Keju cottage semakin populer sebagai makanan kaya protein, cukup serbaguna untuk hidangan manis dan gurih. Selain rasanya yang netral, ia juga menawarkan profil nutrisi yang kuat, termasuk kalsium, vitamin B, dan bahkan probiotik di beberapa merek. Namun, tidak semua keju cottage diciptakan sama. Ahli diet terdaftar menekankan bahwa membuat pilihan yang paling sehat memerlukan perhatian terhadap detail.
Kandungan Protein: Landasan Pilihan yang Baik
Keju cottage sering kali menghasilkan lebih banyak protein per porsi dibandingkan yogurt Yunani—targetkan setidaknya 13-15 gram per setengah cangkir. Protein sangat penting untuk pemulihan otot, menjaga kekuatan sepanjang hidup, dan meningkatkan rasa kenyang setelah makan. Hal ini menjadikan keju cottage sebagai bagian berharga dari diet seimbang.
Kadar Natrium: Kekhawatiran Tersembunyi
Meskipun rasanya ringan, keju cottage mengandung kadar natrium yang sangat tinggi, dengan beberapa merek melebihi 400 miligram per porsi (kira-kira 17% dari batas harian yang direkomendasikan). Asupan natrium yang tinggi dari waktu ke waktu meningkatkan risiko tekanan darah tinggi dan penyakit jantung.
Namun, kebutuhan natrium bervariasi; atlet yang banyak berkeringat dapat memperoleh manfaat dari elektrolit dalam keju cottage, dan konsumsi dalam jumlah sedang tidak akan berbahaya jika itu adalah satu-satunya makanan tinggi sodium dalam diet seimbang.
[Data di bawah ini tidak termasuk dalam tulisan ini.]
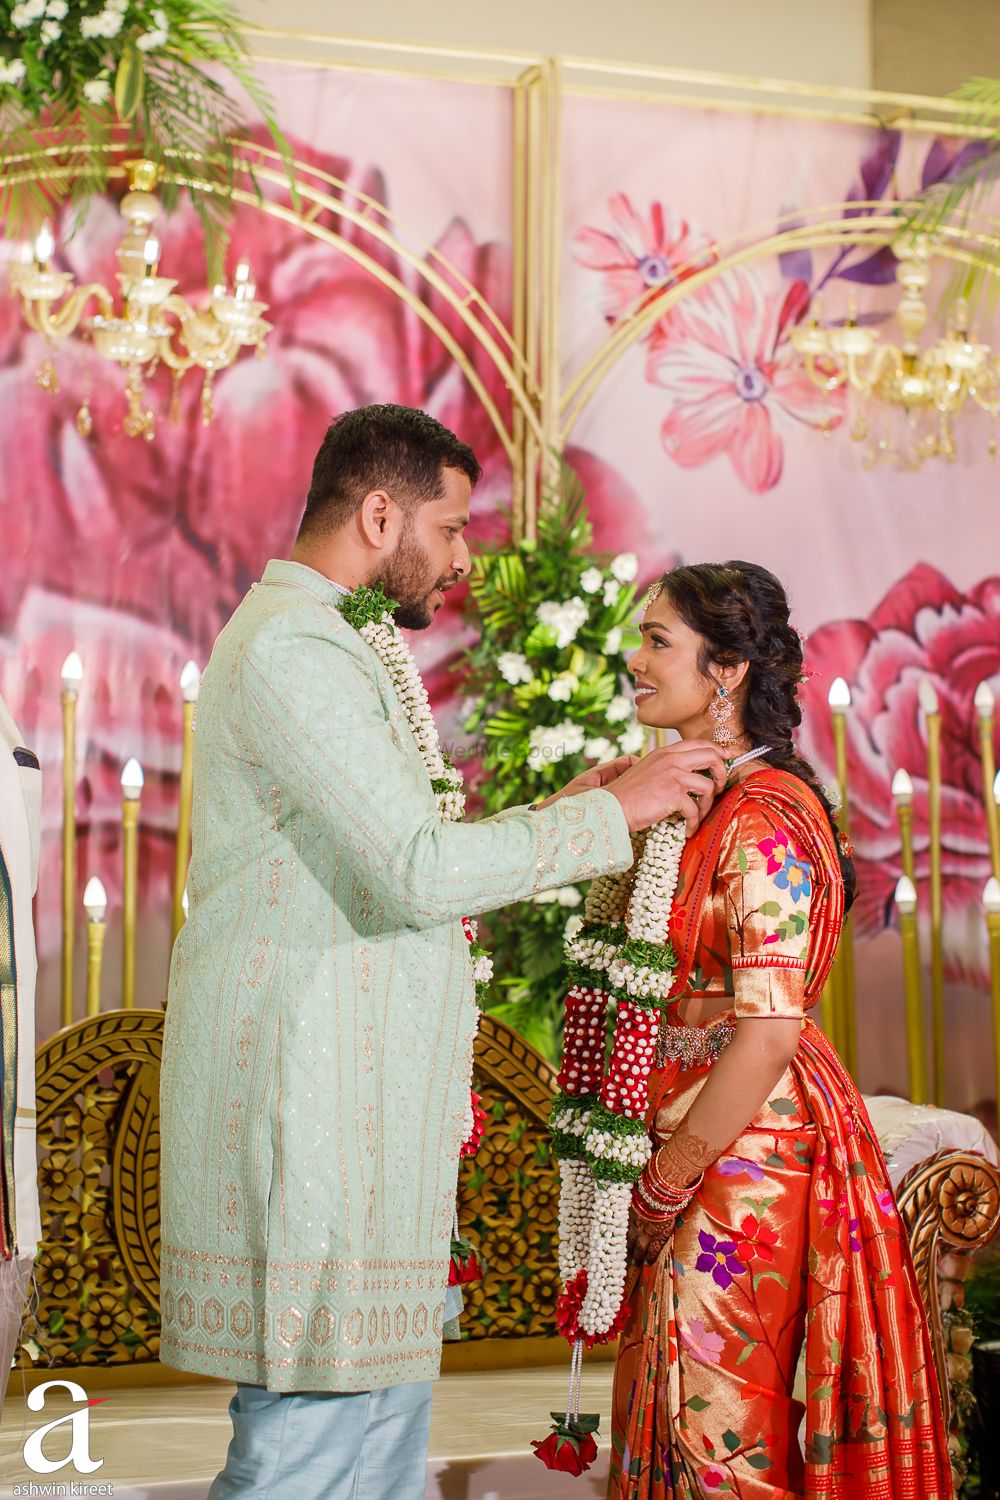 Photo From Akshetha's Engagement - By Ashwin kireet Photography

Carilah pilihan rendah sodium (di bawah 300mg) jika memungkinkan.
Kesederhanaan Bahan: Lebih Sedikit Lebih Banyak
Banyak keju cottage mengandung bahan pengawet, permen karet, dan zat penstabil—bahan-bahan yang efek jangka panjangnya masih belum diketahui. Prioritaskan produk dengan bahan minimal: susu, krim, garam, dan budaya.
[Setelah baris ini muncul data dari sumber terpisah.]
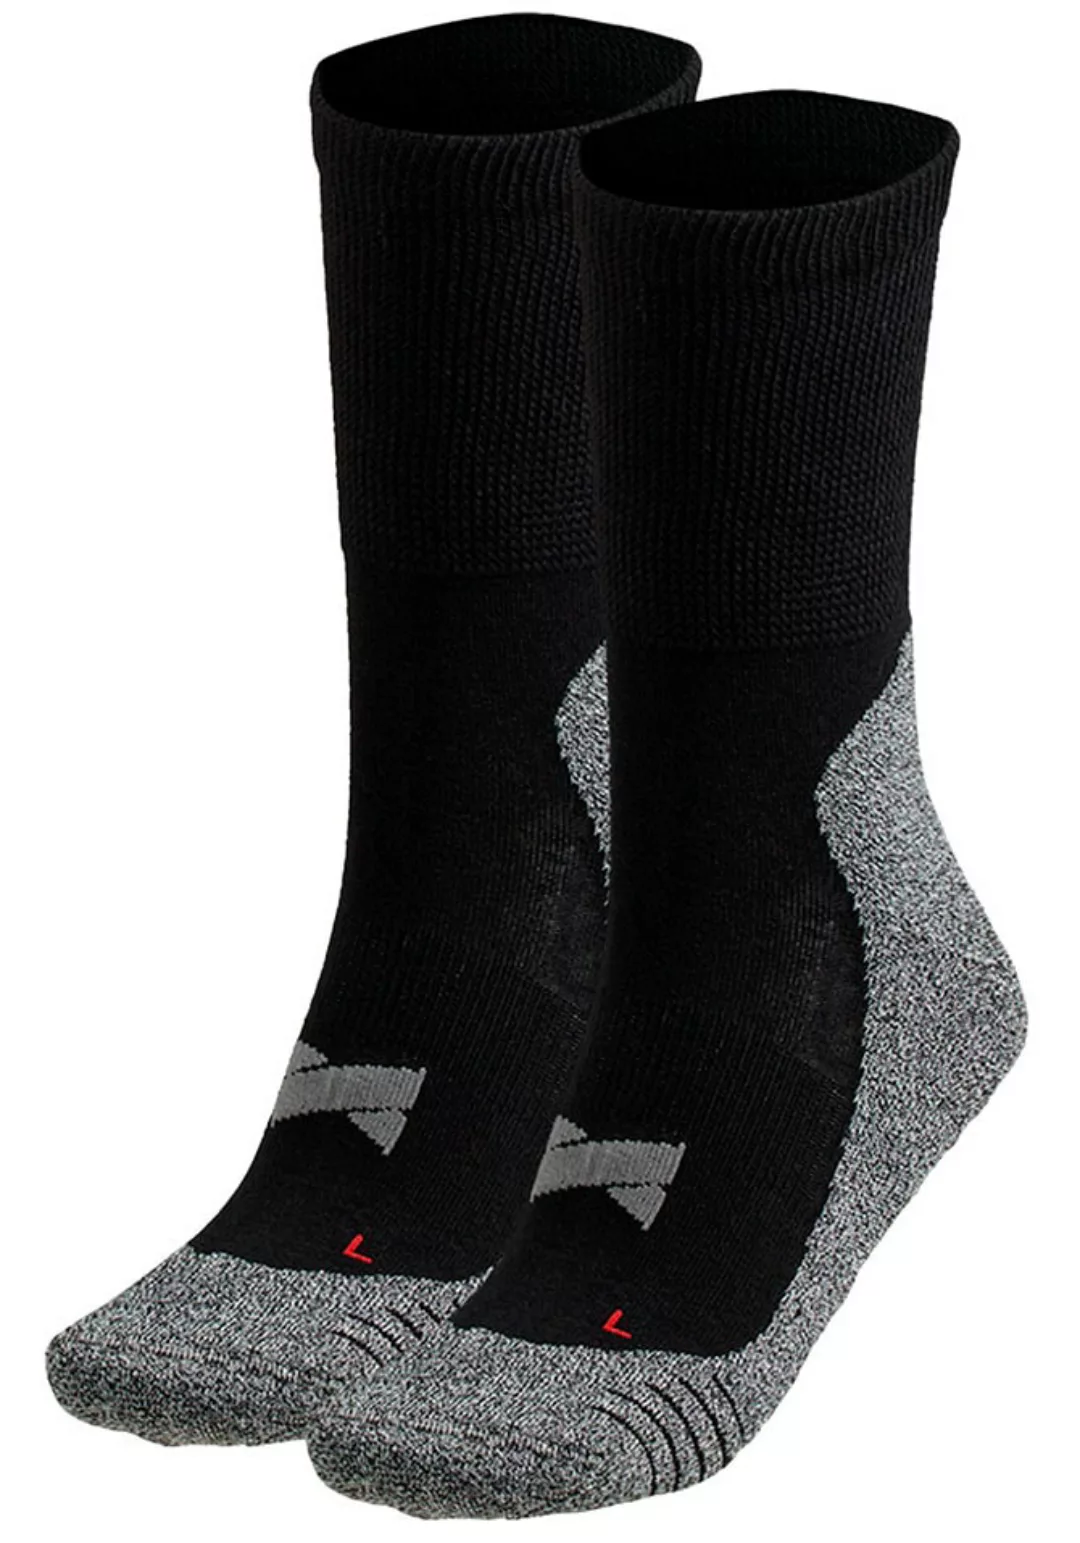 XTREME sockswear Langsocken günstig online kaufen

Probiotik: Peningkatan Ramah Usus
Tidak semua makanan fermentasi mengandung kultur hidup dan aktif. Untuk mendapatkan manfaat probiotik, pilihlah keju cottage yang diberi label khusus mengandung “kultur hidup”. Merek seperti Good Culture secara mencolok mengiklankan fitur ini. Mikrobioma usus memainkan peran penting dalam kesehatan secara keseluruhan, sehingga pertimbangan ini penting.
Tekstur dan Kandungan Lemak: Preferensi Pribadi
Tekstur (dadih kecil vs. besar) tergantung selera. Varietas dengan lemak lebih tinggi cenderung lebih kental tetapi juga mengandung lebih banyak lemak jenuh—nutrisi yang dalam jumlah tinggi dikaitkan dengan penyakit jantung. Pilihan rendah lemak mungkin terasa lebih tajam. Pilih berdasarkan preferensi pribadi dan kebutuhan diet.
Hindari Gula Tambahan: Gunakan Gula Biasa
Keju cottage yang diberi rasa atau pemanis sering kali menyembunyikan tambahan gula yang berlebihan, yang dapat menyebabkan peradangan dan melemahkan sistem kekebalan. Pilihlah varietas polos dan tambahkan buah, madu, atau selai Anda sendiri untuk pendekatan yang lebih sehat.
Pilihan Bebas Laktosa: Bagi Mereka yang Membutuhkannya
Jika Anda tidak toleran laktosa, pilihlah varietas bebas laktosa. Ini memastikan Anda dapat menikmati manfaat keju cottage tanpa ketidaknyamanan pencernaan.
Merek Berkualitas yang Perlu Dipertimbangkan
Ahli diet merekomendasikan merek seperti Good Culture, Nancy’s, Kalona SuperNatural Organic, Organic Valley, dan Breakstone’s karena kualitasnya yang konsisten dan kepatuhan terhadap pedoman nutrisi utama.
Pada akhirnya, keju cottage yang paling sehat adalah keju yang sesuai dengan kebutuhan dan preferensi pribadi Anda dengan tetap memprioritaskan protein, rendah natrium, bahan-bahan sederhana, dan budaya hidup.